Data:
○ ○ ○ ○ ○ ○ ○

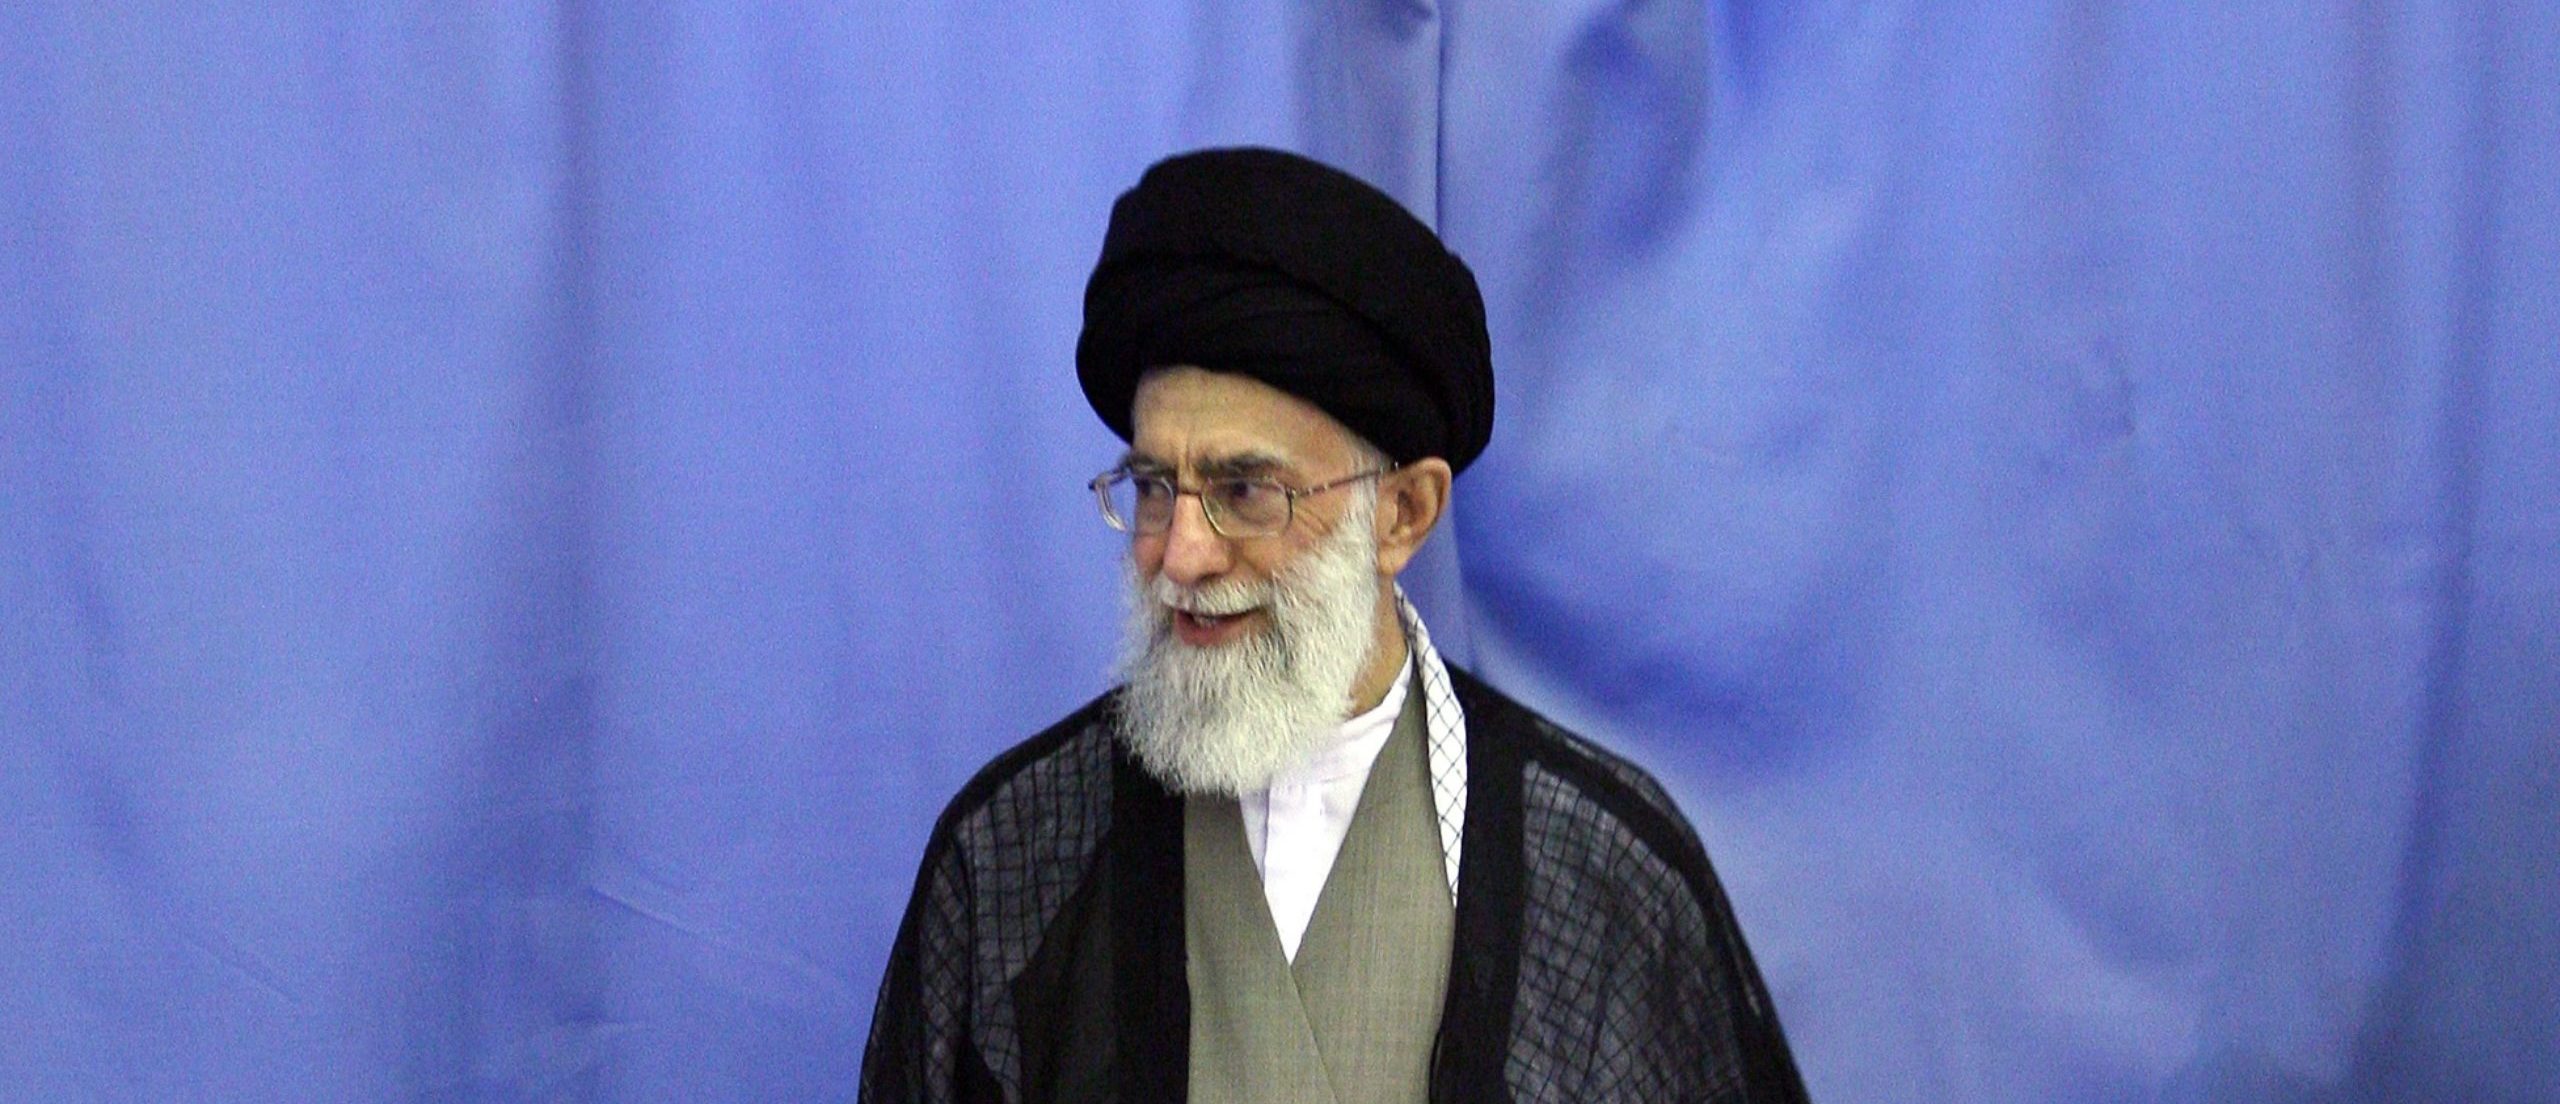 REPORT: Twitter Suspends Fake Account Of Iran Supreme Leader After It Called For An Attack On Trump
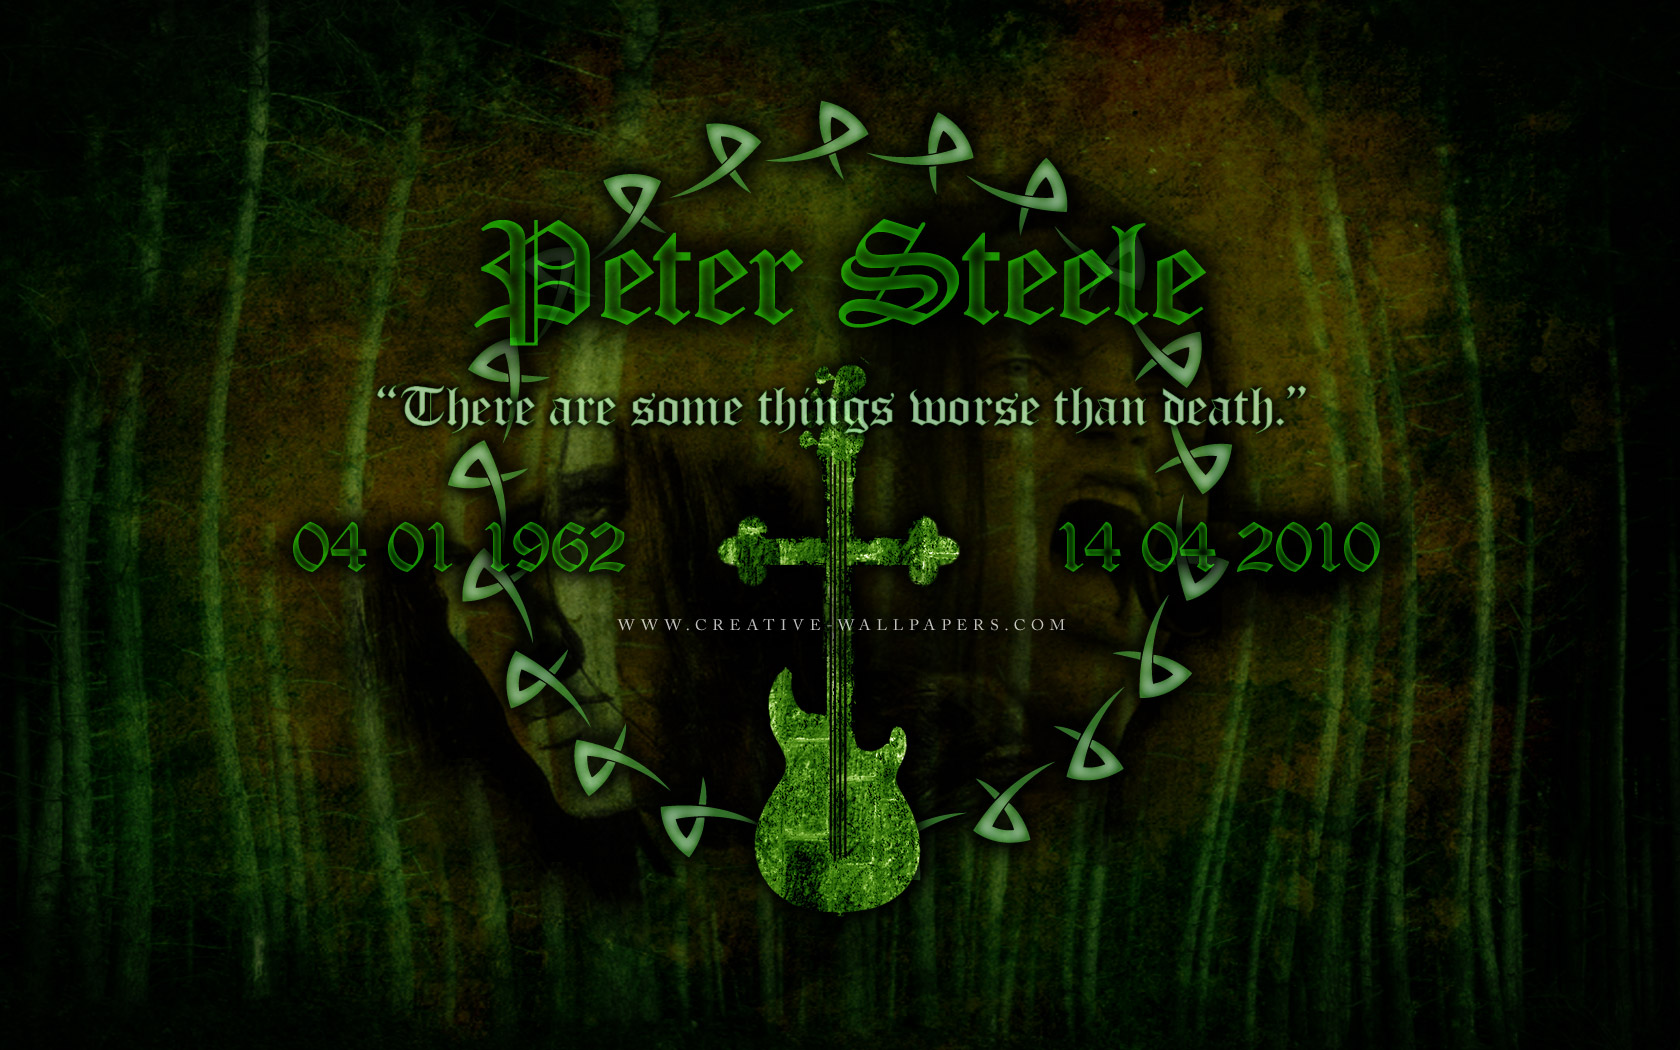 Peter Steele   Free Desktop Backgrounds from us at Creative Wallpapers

○ ○ ○ ○ ○ ○ ○

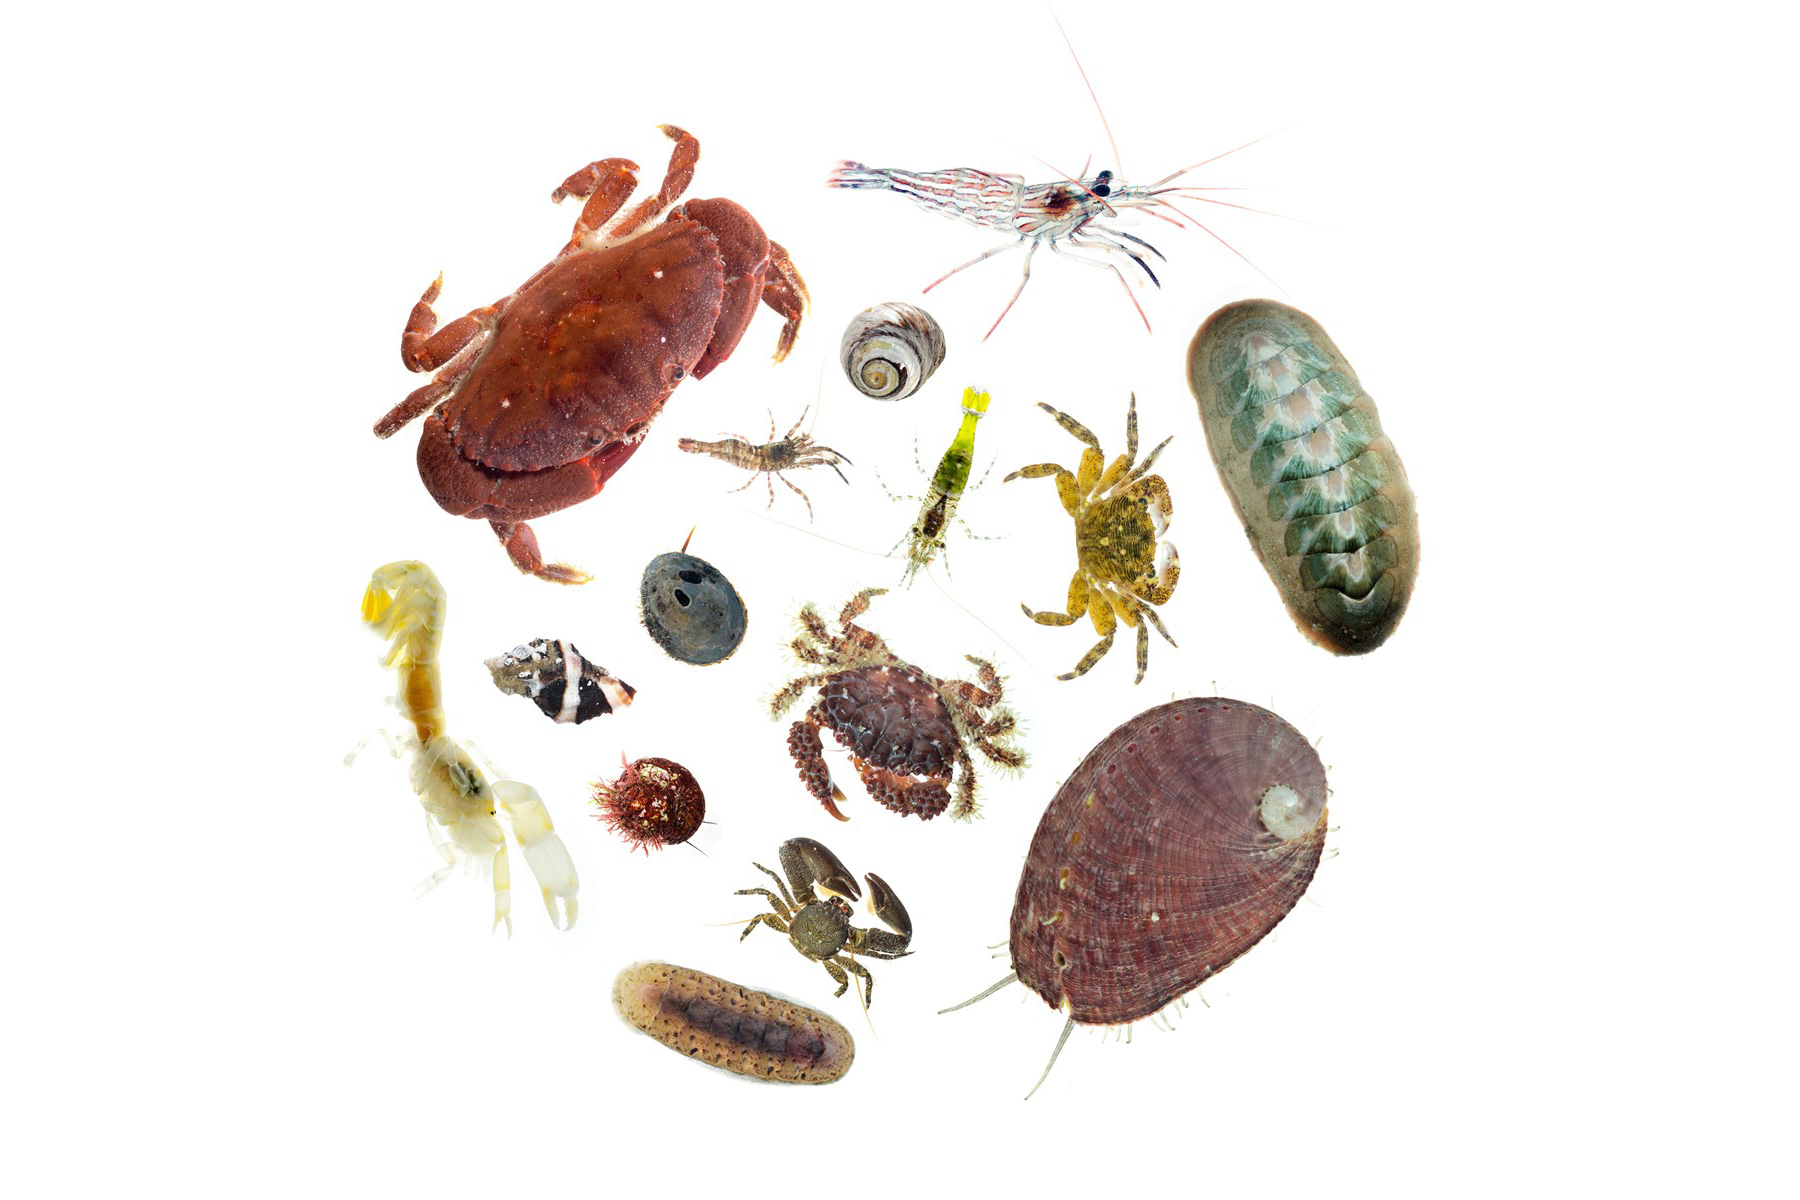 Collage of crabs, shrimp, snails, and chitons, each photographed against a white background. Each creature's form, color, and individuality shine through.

○ ○ ○ ○ ○ ○ ○

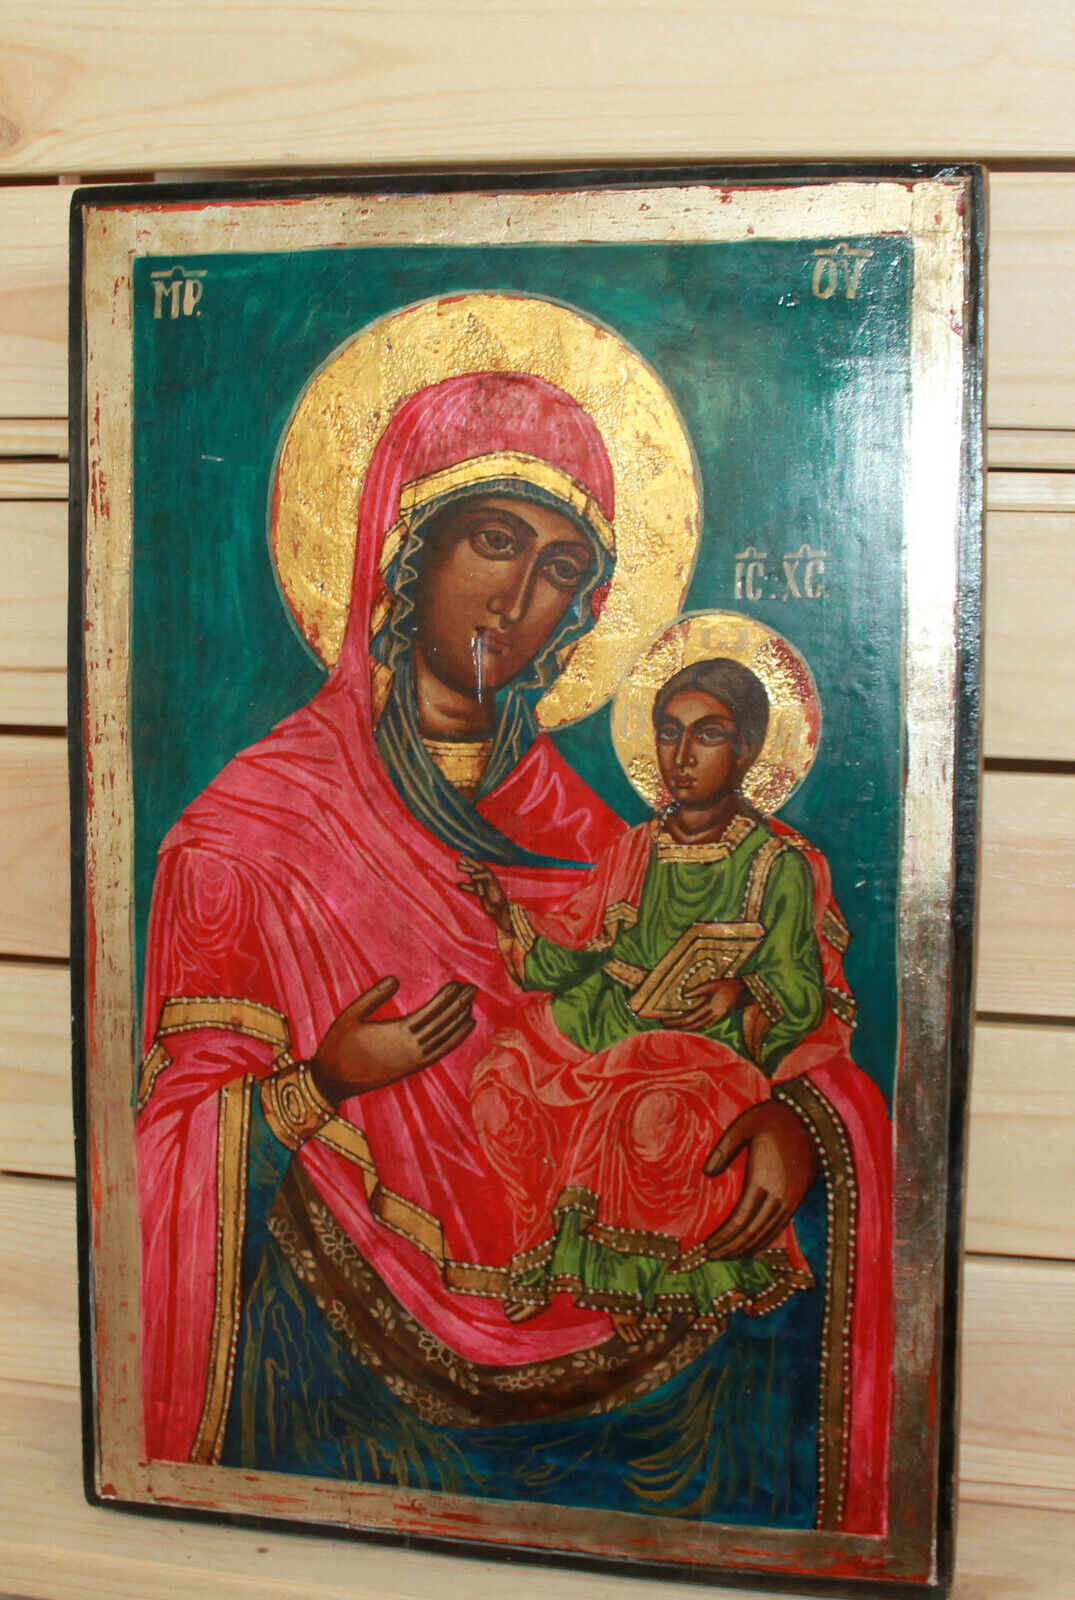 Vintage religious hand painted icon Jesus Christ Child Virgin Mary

○ ○ ○ ○ ○ ○ ○

Exercise: Having found the line with "REPORT: Twitter Suspends" and the line with "at Creative Wallpapers" in the material above, write out exactly those two and every line between, leaving the pictures out.

Written solution:
 REPORT: Twitter Suspends Fake Account Of Iran Supreme Leader After It Called For An Attack On Trump
 Peter Steele   Free Desktop Backgrounds from us at Creative Wallpapers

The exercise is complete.